Subject: Re: mm: NULL ptr deref in remove_migration_pte

On Tue, 27 May 2014, Sasha Levin wrote:
> On 05/26/2014 04:05 PM, Hugh Dickins wrote:
> > On Fri, 23 May 2014, Sasha Levin wrote:
> >
> >> Ping?
> >>
> >> On 05/05/2014 11:51 AM, Sasha Levin wrote:
> >>> Did anyone have a chance to look at it? I still see it in -next.
> >>>
> >>>
> >>> Thanks,
> >>> Sasha
> >>>
> >>> On 04/16/2014 10:59 AM, Sasha Levin wrote:
> >>>> Hi all,
> >>>>
> >>>> While fuzzing with trinity inside a KVM tools guest running latest -next
> >>>> kernel I've stumbled on the following:
> >>>>
> >>>> [ 2552.313602] BUG: unable to handle kernel NULL pointer dereference at 0000000000000018
> >>>> [ 2552.315878] IP: __lock_acquire (kernel/locking/lockdep.c:3070 (discriminator 1))
> >>>> [ 2552.315878] PGD 465836067 PUD 465837067 PMD 0
> >>>> [ 2552.315878] Oops: 0000 [#1] PREEMPT SMP DEBUG_PAGEALLOC
> >>>> [ 2552.315878] Dumping ftrace buffer:
> >>>> [ 2552.315878] (ftrace buffer empty)

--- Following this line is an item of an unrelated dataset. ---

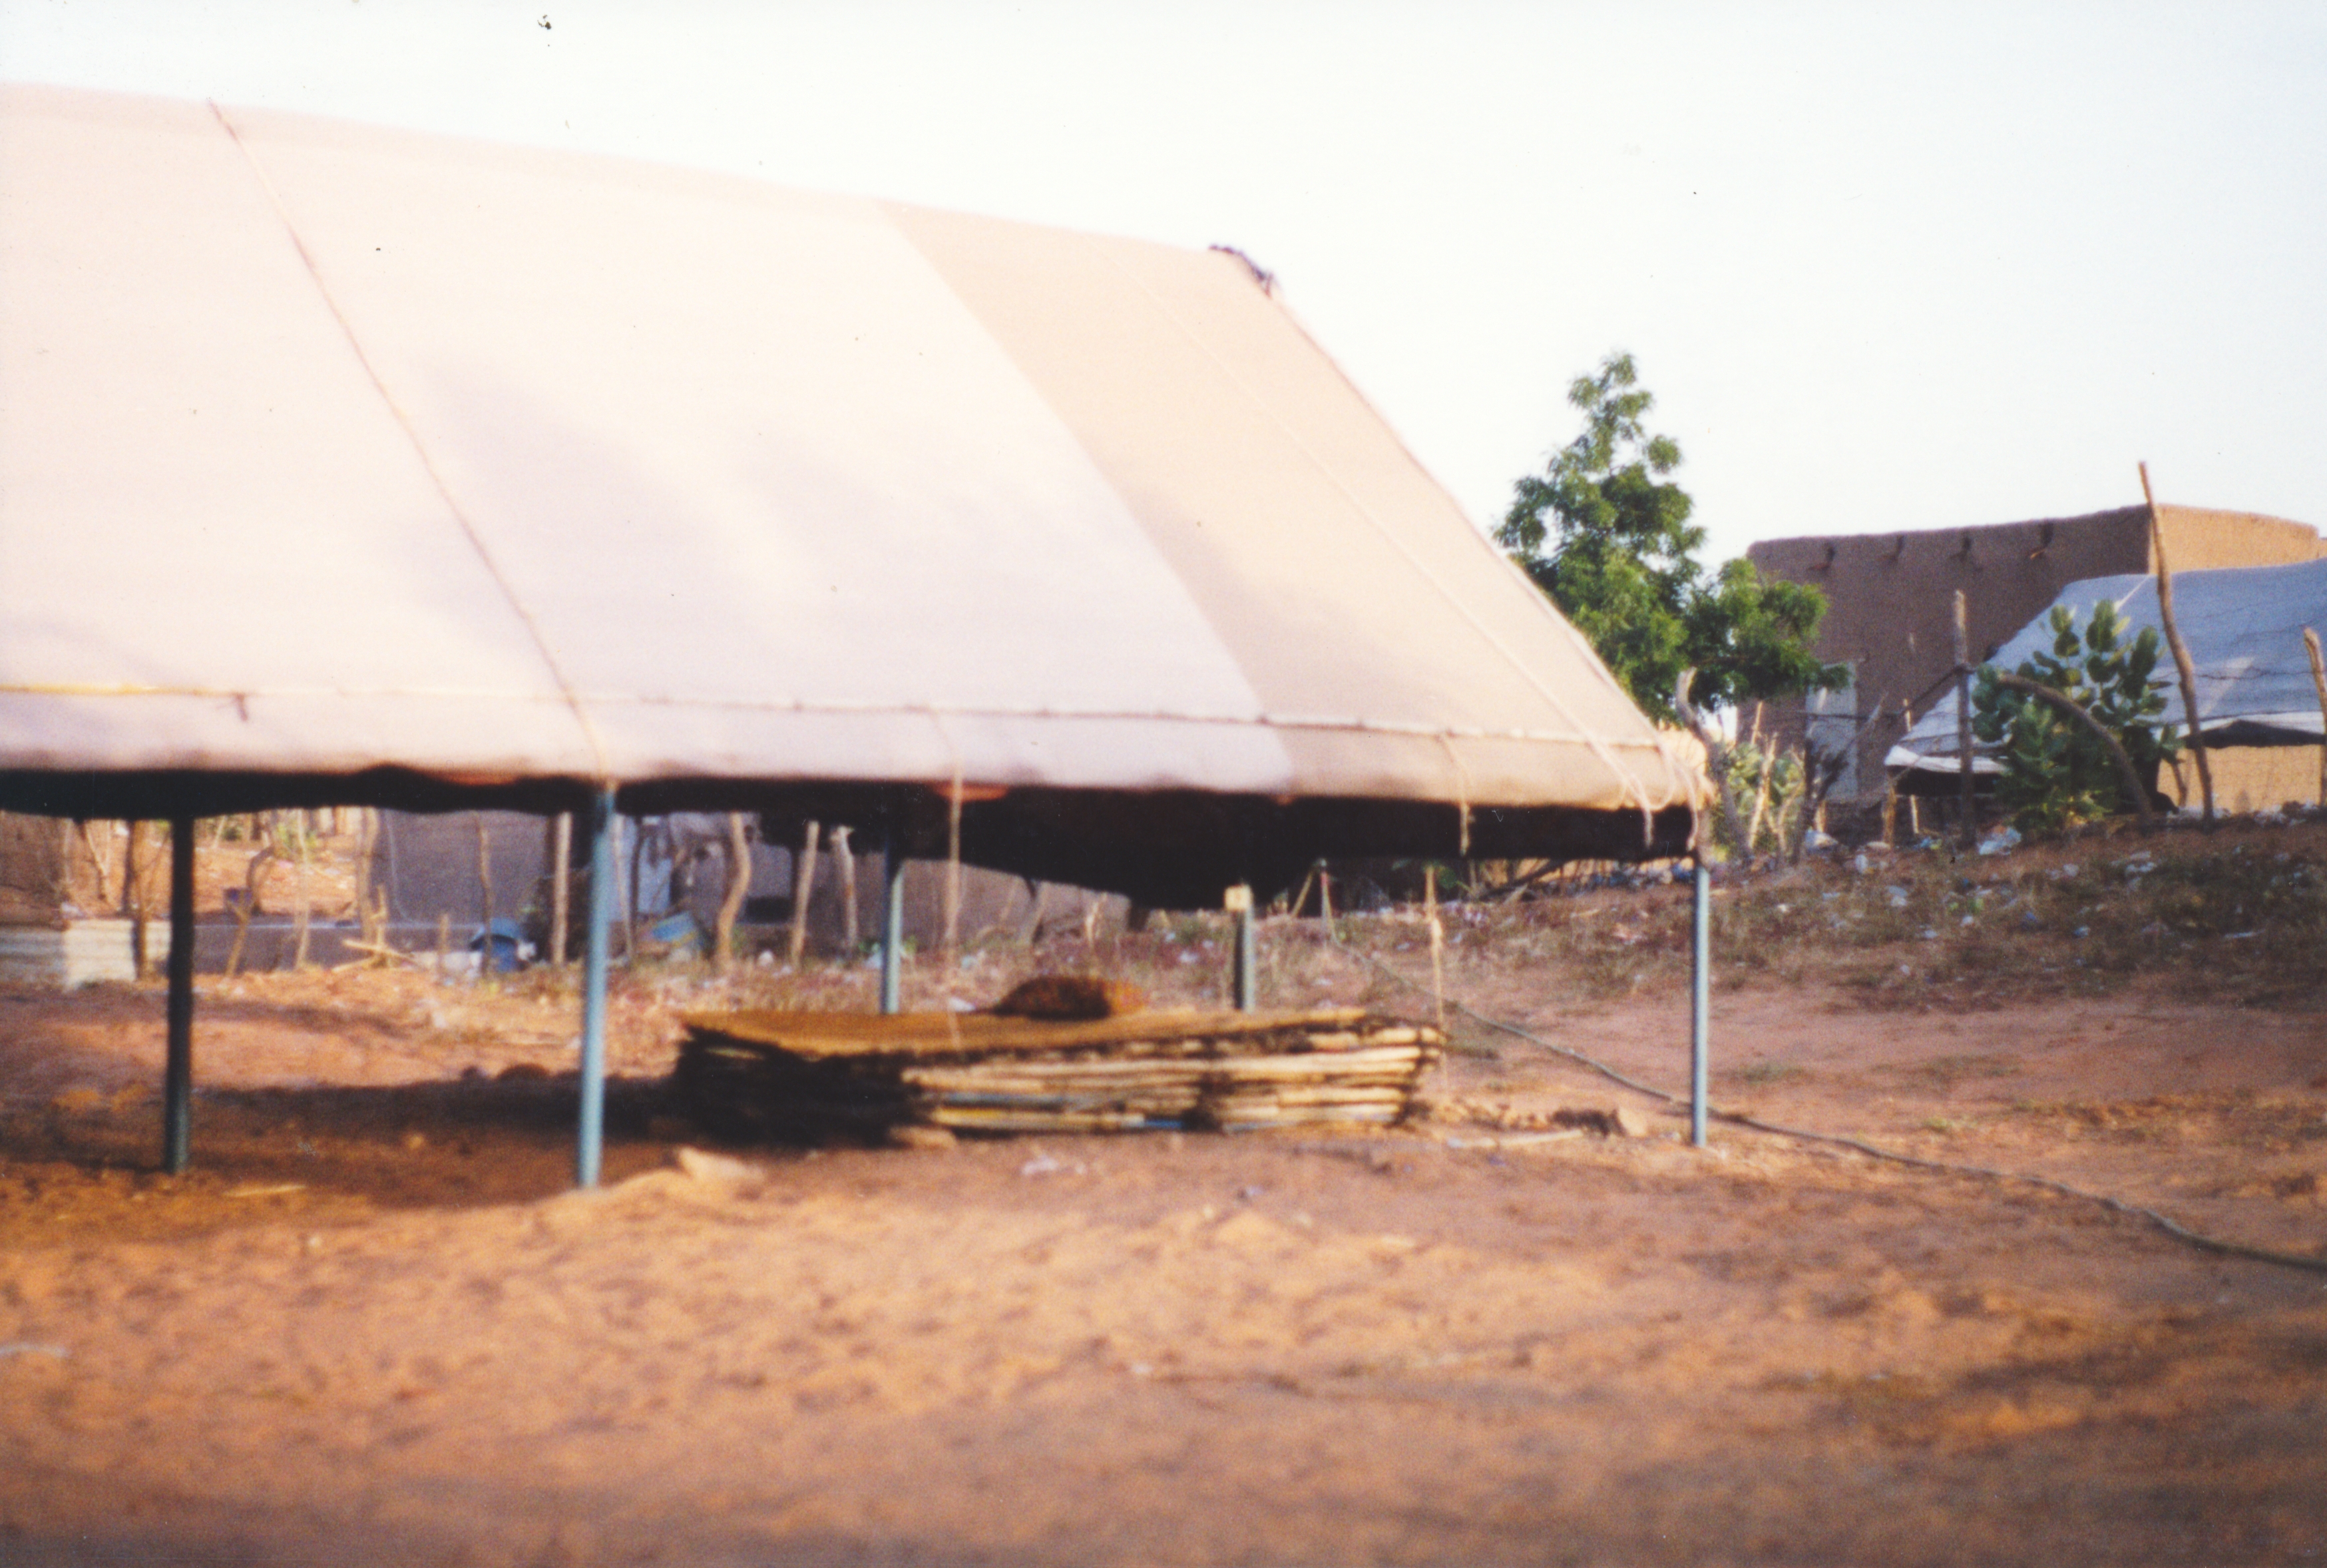 A hangar, or semipermanent tent, with a wooden sleeping platform underneath.

> >>>> [ 2552.315878] Modules linked in:
> >>>> [ 2552.315878] CPU: 6 PID: 16173 Comm: trinity-c364 Tainted: G W 3.15.0-rc1-next-20140415-sasha-00020-gaa90d09 #398
> >>>> [ 2552.315878] task: ffff88046548b000 ti: ffff88044e532000 task.ti: ffff88044e532000
> >>>> [ 2552.320286] RIP: __lock_acquire (kernel/locking/lockdep.c:3070 (discriminator 1))
> >>>> [ 2552.320286] RSP: 0018:ffff88044e5339c8 EFLAGS: 00010002
> >>>> [ 2552.320286] RAX: 0000000000000082 RBX: ffff88046548b000 RCX: 0000000000000000
> >>>> [ 2552.320286] RDX: 0000000000000000 RSI: 0000000000000000 RDI: 0000000000000018
> >>>> [ 2552.320286] RBP: ffff88044e533ab8 R08: 0000000000000001 R09: 0000000000000000
> >>>> [ 2552.320286] R10: ffff88046548b000 R11: 0000000000000001 R12: 0000000000000000
> >>>> [ 2552.320286] R13: 0000000000000018 R14: 0000000000000000 R15: 0000000000000000
> >>>> [ 2552.320286] FS: 00007fd286a9a700(0000) GS:ffff88018b000000(0000) knlGS:0000000000000000
> >>>> [ 2552.320286] CS: 0010 DS: 0000 ES: 0000 CR0: 000000008005003b
> >>>> [ 2552.320286] CR2: 0000000000000018 CR3: 0000000442c17000 CR4: 00000000000006a0
> >>>> [ 2552.320286] DR0: 0000000000695000 DR1: 0000000000000000 DR2: 0000000000000000
> >>>> [ 2552.320286] DR3: 0000000000000000 DR6: 00000000ffff0ff0 DR7: 0000000000000600
> >>>> [ 2552.320286] Stack:
> >>>> [ 2552.320286] ffff88044e5339e8 ffffffff9f56e761 0000000000000000 ffff880315c13000
> >>>> [ 2552.320286] ffff88044e533a38 ffffffff9c193f0d ffffffff9c193e34 ffff8804654e8000
> >>>> [ 2552.320286] ffff8804654e8000 0000000000000001 ffff88046548b000 0000000000000007
> >>>> [ 2552.320286] Call Trace:
> >>>> [ 2552.320286] ? _raw_spin_unlock_irq (arch/x86/include/asm/preempt.h:98 include/linux/spinlock_api_smp.h:169 kernel/locking/spinlock.c:199)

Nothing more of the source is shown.